Владение языком Дж. Байби сопоставляет с навыками вождения автомобиля: в обоих случаях единицы более высокого уровня образуются комбинированием единиц более низкого уровня. Например, словосочетание мой щенок или действие «повернуть направо» являются комбинациями более простых единиц - в первом случае это мой и щенок, во втором - соответствующее движение руля и включение светового сигнала поворота. Чем более опытен водитель или носитель языка, тем в большей степени он оперирует единицами более высокого уровня, которые складываются из единиц более низкого уровня как бы автоматически. То есть, чем чаще повторяется действие (практическое или языковое), тем оно становится более беглым; цепочка таких действий может слиться в единый комплекс, образуя целостную единицу более высокого уровня. Такая единица воспроизводится и воспринимается как единое целое, а ее внутренняя структура может утрачиваться: например, артикли сливаются с определяемыми существительными, послелоги превращаются в падежные окончания и т.п. Таким образом, знание грамматики - это прежде всего навык, по большей части подсознательный. И в этом смысле знание грамматики противостоит знанию лексики, которая представляет собой сознательное обладание информацией.

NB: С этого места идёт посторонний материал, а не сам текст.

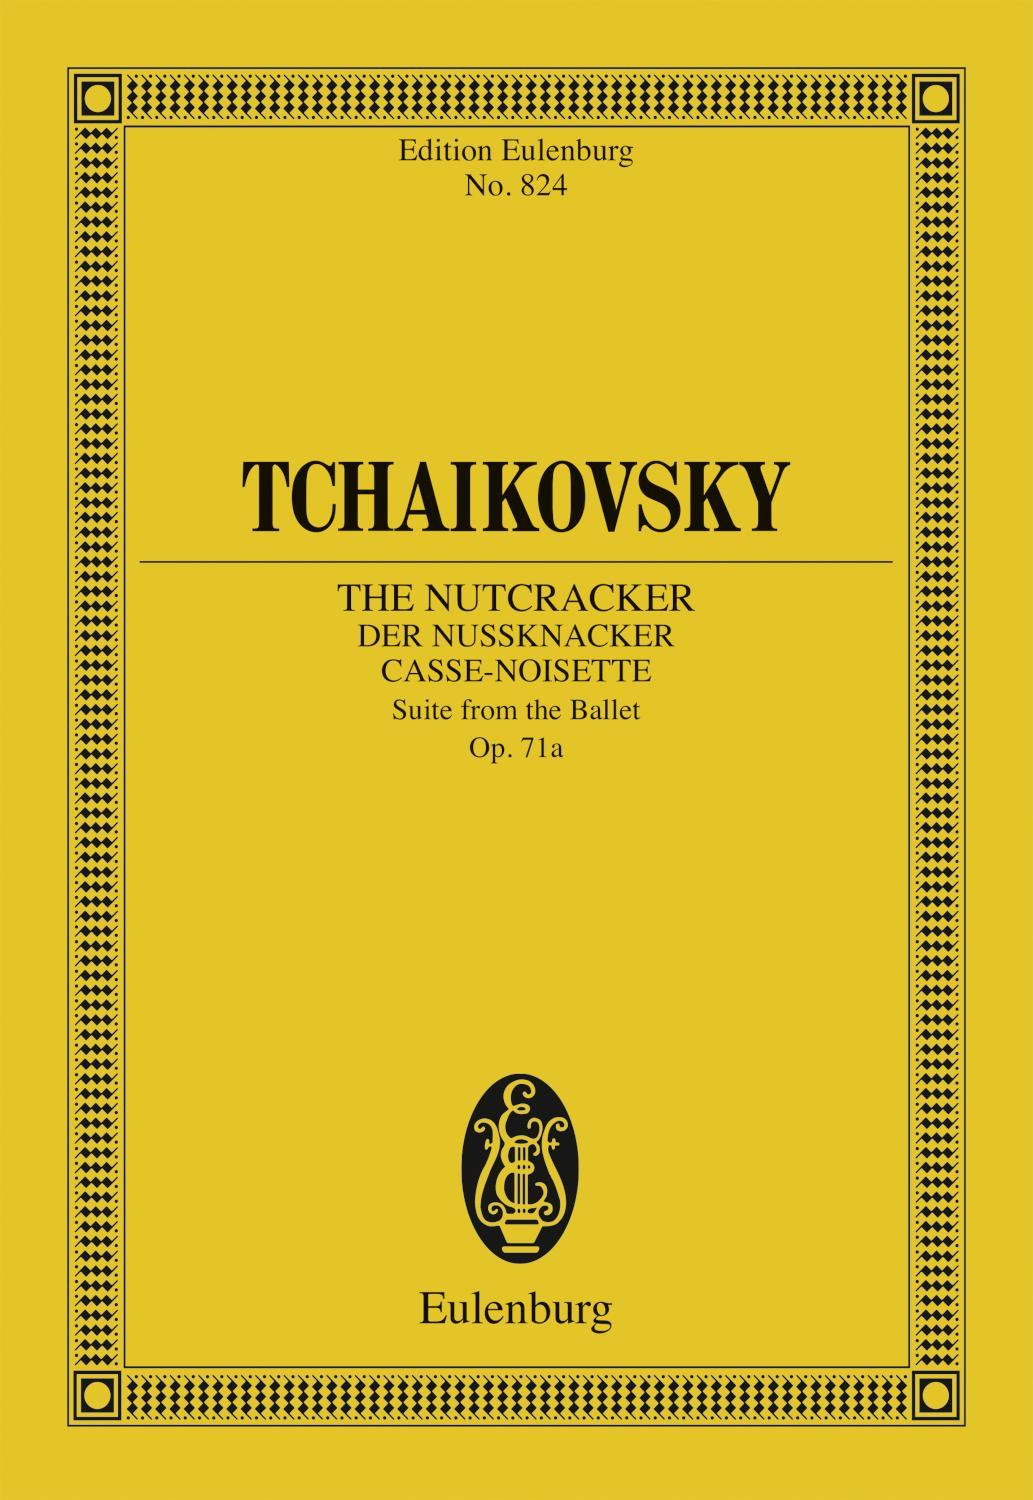 The Nutcracker Suite from the Ballet, Op. 71a

Выучиваемые последовательности слов (так же, как и последовательности морфем) образуют сети, что дает возможность комбинировать отдельные элементы друг с другом. Например, имея в памяти сочетания my mother, my car, your mother, the car, можно построить your car или the mother (хотя все равно хорошее владение языком в сильнейшей степени подразумевает знание и употребление конвенционализованных в этом языке комбинаций слов). На основе таких сетей строятся обобщения более высокого порядка, что и составляет грамматику. Таким образом, иерархии структур составляющих выводимы из часто встречающегося следования друг за другом: чем чаще какие-то элементы встречаются вместе, тем теснее они связаны в структуре составляющих [Bybee, 2002, p. 111].

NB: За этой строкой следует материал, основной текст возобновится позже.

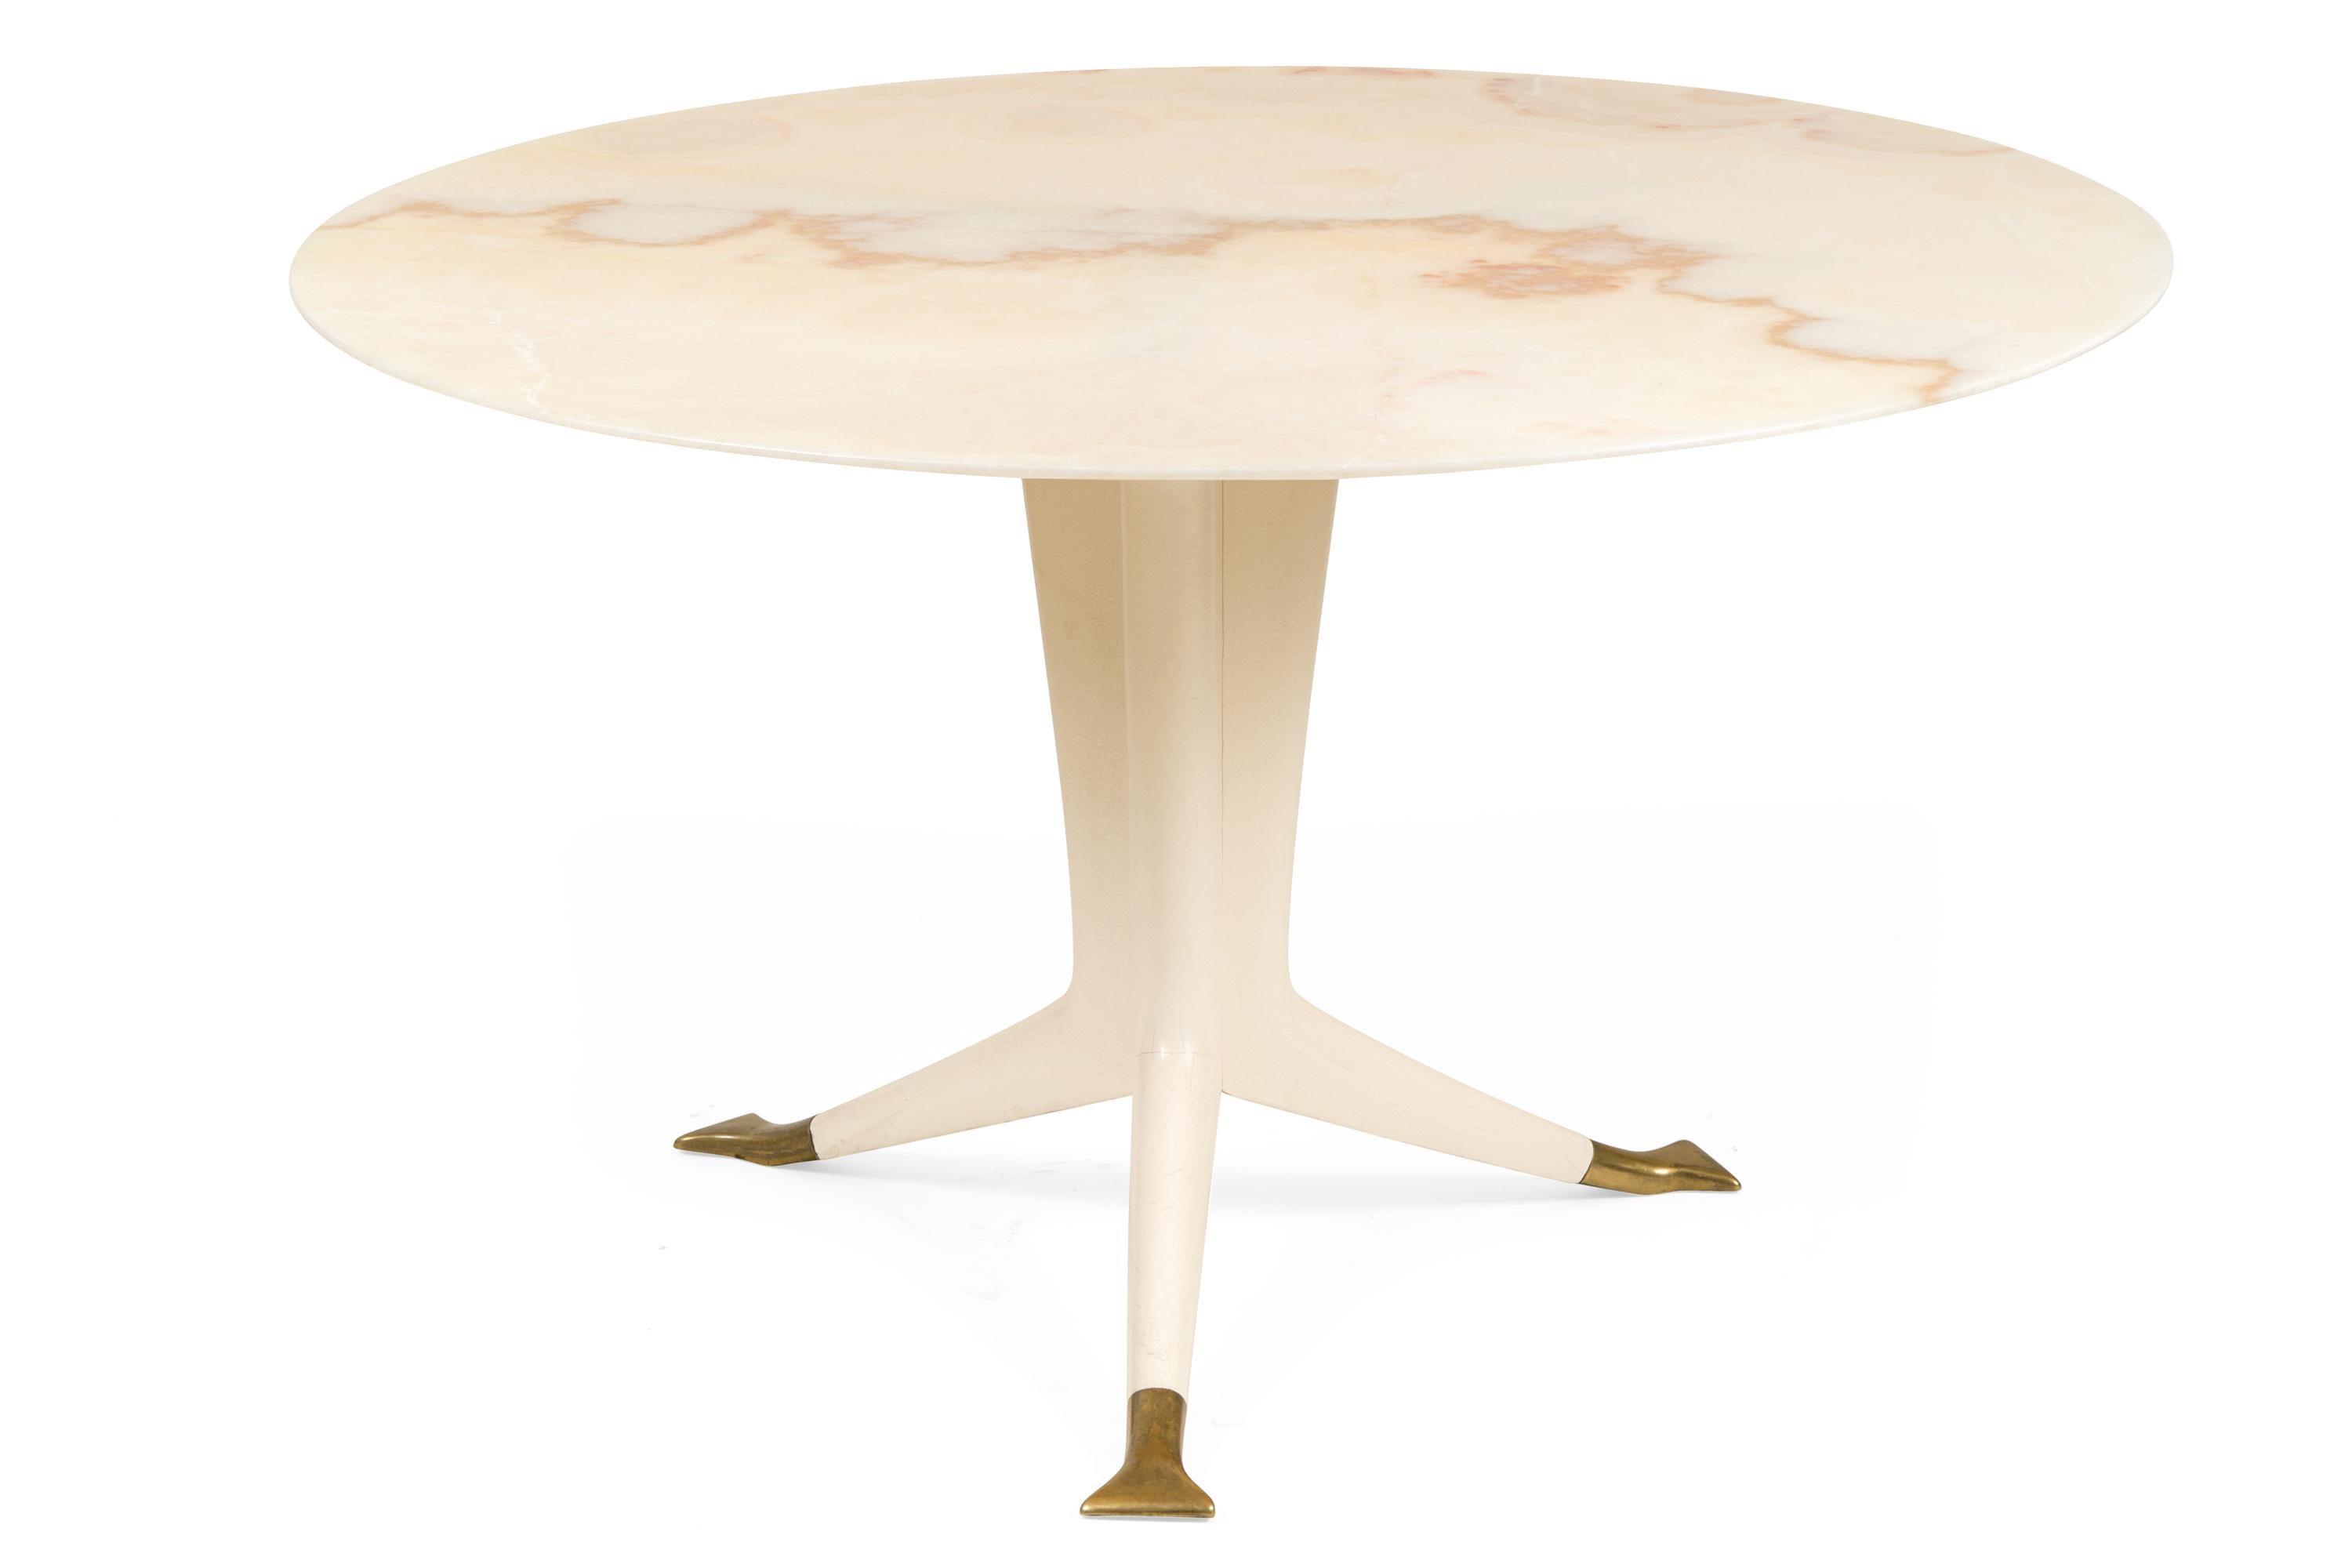 A rare and elegant table by Ico Parisi. The structure of the table is composed of a single truncated solid wood element which splits at the base into three long feet finished with flattened brass feet.

Свою гипотезу Дж. Байби подтверждает результатами многочисленных наблюдений и экспериментов, показывающих, что явления фонетической редукции на стыках слов, распределение пауз и т.п. в сильной степени обусловлены частотой, с которой соответствующие слова следуют друг за другом. Иногда фонетически сливаться могут слова, которые относятся к очень далеким друг от друга (с точки зрения структуры дерева) составляющим, но при этом часто следуют друг за другом в реальных высказываниях, ср., например, такие комплексы, как англ. I'm, I'll, he'd. Некоторую сложность для данной теории представляют прерванные составляющие, в которых элементы, связанные синтаксическим соотношением, не располагаются рядом друг с другом. Но, по-видимому, такие структуры могут возникать, поскольку вообще многие человеческие действия могут быть приостановлены (для какого-то промежуточного действия), а потом возобновлены. А поскольку чем более длинным оказывается перерыв, тем труднее возобновить первоначальное действие (см. выше), составляющие, вставленные внутрь других составляющих, не должны быть слишком длинными.

Из всего этого Дж. Байби делает вывод, что в языковой способности человека нет никаких специальных «составляющих», образующих синтаксические деревья. Просто единицы языка (слова и морфемы) комбинируются в кластеры в результате частого повторения. Именно эти кластеры и демонстрируют поведение, свойственное составляющим - они могут употребляться отдельно (в ответе на вопрос), заменяться на местоимения и т.п., а также занимать определенное место в предложении. «Составляющие» получаются, когда члены такого комплекса образуют семантическое единство.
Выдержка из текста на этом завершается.